Today was one of those days where things started strange and went pear shaped from there. It began with a voice mail box full of full moon (you know, lunatic type) messages, including two from people that wanted to adopt cats but then left no number for me to contact them. Then the fiber optic interface box at the demarc was scheduled to be replaced, but the new box hadn’t been programmed quite right. Browsing to a new page hung up the phone and picking up the phone led to strange internet behavior. It took about an hour for the technician to get all correctly setup, so there went the lunch hour.

Molly and I were finally able to head out on our walk a little after 6pm and it was glorious. Warm, slight breeze, late afternoon sun: what could be better. An hour later and the clouds were rolling in and by the time we finished our 5 miles and returned to the house it was sprinkling. It gave the air that glorious ionic touch that smells so good during and after a rain. Before I could even get supper fixed, the rain started falling and the lightning and thunder sat on the horizon, giving a sight and sound extravaganza. Told you I shouldn’t have worked on the lawn sprinklers! Of course Molly didn’t care for the booming and kept her head in my lap as I ate supper. Poor doggy.

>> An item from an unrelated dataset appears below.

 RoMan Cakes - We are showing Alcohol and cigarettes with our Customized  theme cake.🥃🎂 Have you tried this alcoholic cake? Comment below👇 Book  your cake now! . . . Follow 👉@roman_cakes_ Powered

I’ll close with this weird fact I was reminded of today: unlike most creatures, goats have rectangular pupils. (Don’t ask how it came up.)

Human pupils are round. Goats and most other animals with hooves have horizontal slit pupils which are nearly rectangular when dilated. This gives goats vision covering up to 340 degrees, meaning they can see virtually all around without having to move. Contrast that with the less than 180 degrees we poor humans can see around. The real kicker is that animals with rectangular pupils can also see better at night due to having larger pupils that can close tighter during the day and open more at night. Makes me think we got shorted a bit in the grand eye design competition.

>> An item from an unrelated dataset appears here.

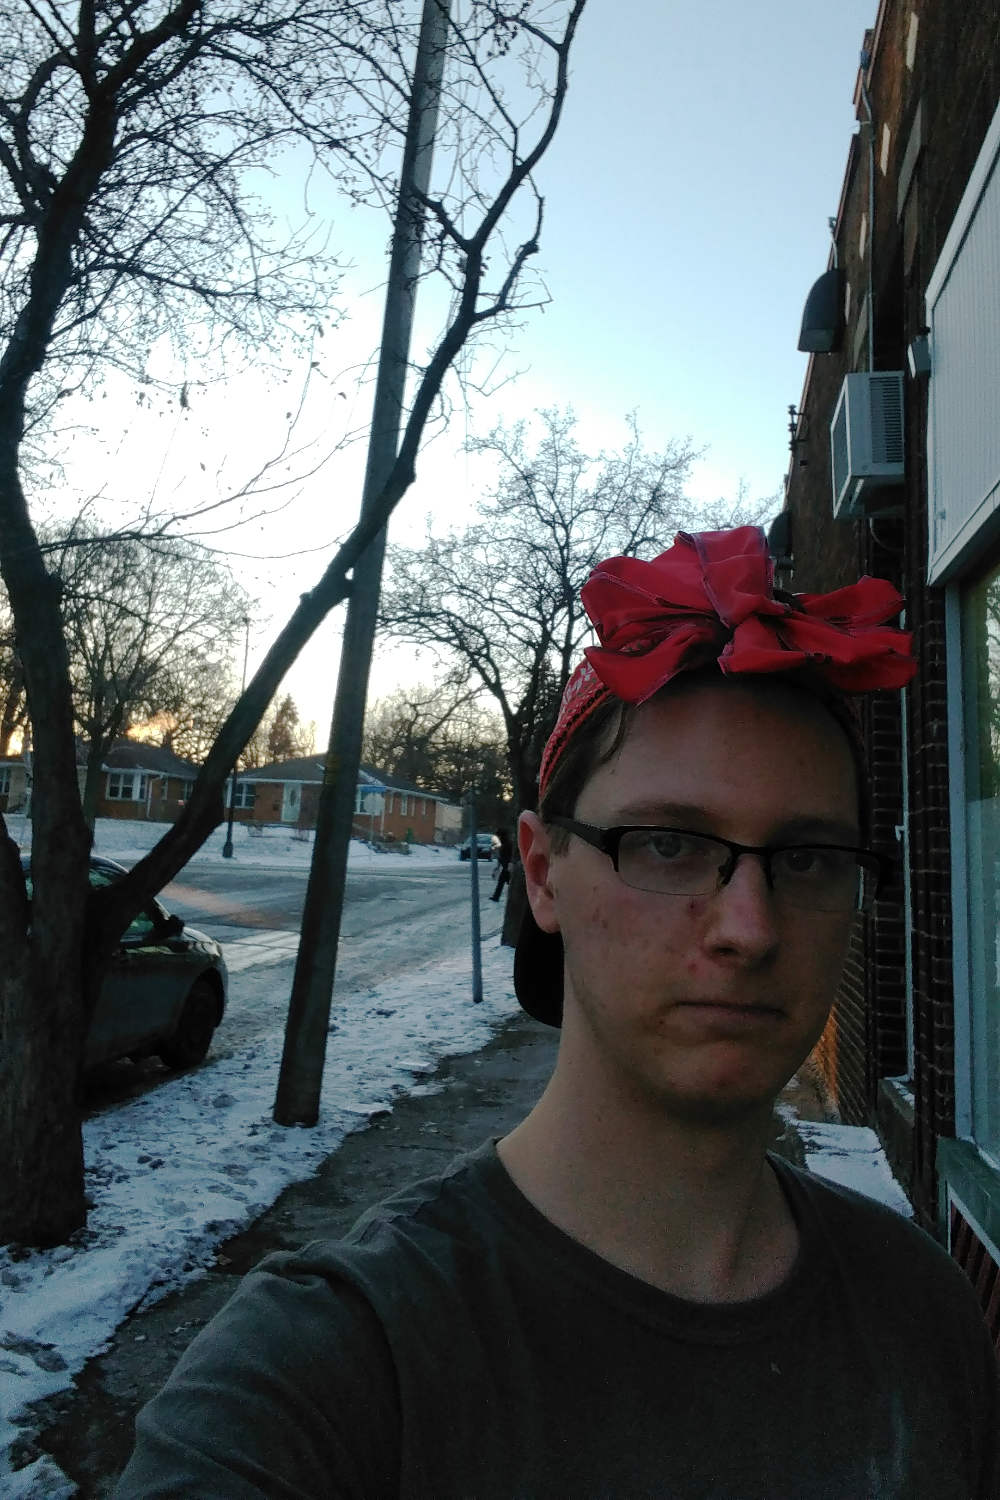 darkly lit man with red bow on head standing on a street of storefronts

Bonus question: what well known invertebrate also has rectangular pupils? No Google!

Spring?

Needless to say, the PowerBall ticket of the last post was indeed worthless. At least no one else won either. {*grin*} Better luck Wednesday!

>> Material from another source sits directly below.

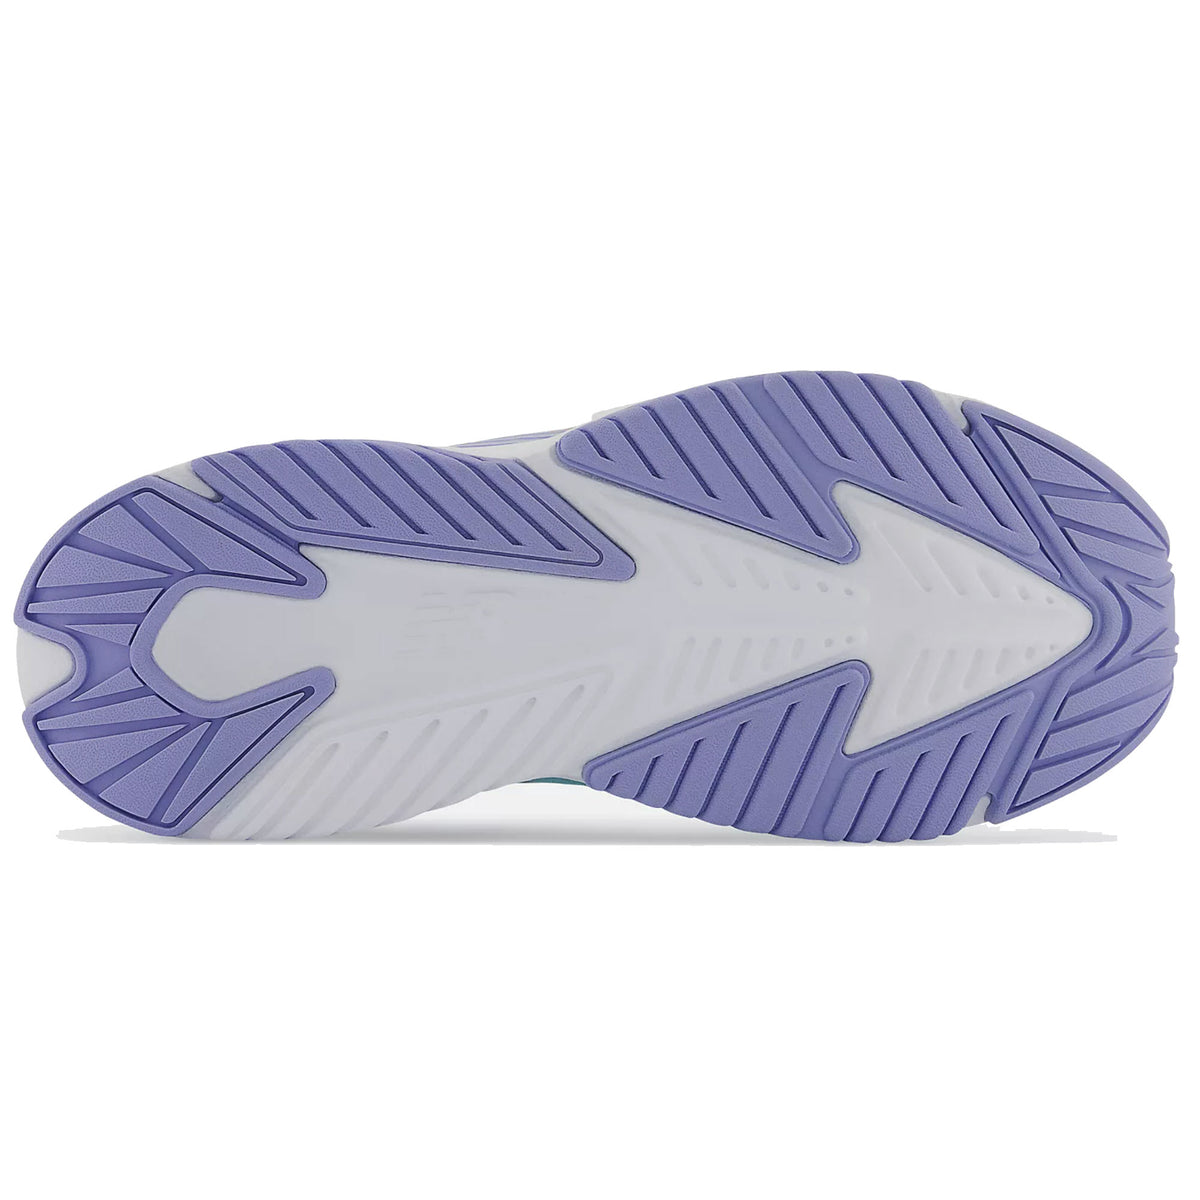 Bottom view of a New Balance RAV RUN V2 SURF/PEACH GLAZE - KIDS running shoe with a white and lavender rubber sole showing a detailed tread pattern.

Sunday was a return to spring warmth, so I finally got to work on the sprinkler system and play in the water without being too cold. Of course that meant I awoke this morning to the sound of thunder and rain as a thunderstorm rolled through. I’m just happy I didn’t wash the truck or it would have flooded for sure.

Today was symptomatic of the arrival of spring. I had at least 5 panicked calls on the office phone before 9:30 this morning. All from people who had lost their puppies Sunday. They were hoping that we (the humane society) had found and captured them Sunday or this morning. I passed the calls on to the animal control officers, really hoping that we had indeed captured their pets. Dogs that wonder into the fields and river bottom this time of year tend to become coyote food in very short order.

The first nice spring weekend and people were out working in the yard, removing debris, etc. and forgot that the gate was open and the puppy was in the yard with them. Many times it is hours later that the pet is discovered to be missing. We actually schedule more animal control during the time in an attempt to keep the animals out of harms way, but there is a limited amount we can do in our huge rural area.

One final observation: the economy must be picking up a little. We run the only no-kill shelter in a huge geographic area (hundreds of square miles), so we are getting calls from a 3 state area from people who have gotten a job elsewhere and cannot take their pets with them. It is good that people are getting jobs, but it is hard on them to leave their animal friend and companion behind. They look very hard to find a shelter that will ensure they are taken care of and not subject to euthanasia. That’s how they find us. It will sure be a relief when we get the new facility built. Our current one (an old municipal shelter from the ’60s) has very limited space and is almost continuously full in spite of volunteer fostering and help from the front range shelters with adoption and finding new homes out of area. We really hope to have the construction finished by December.

Back to the salt mine and then off to bed.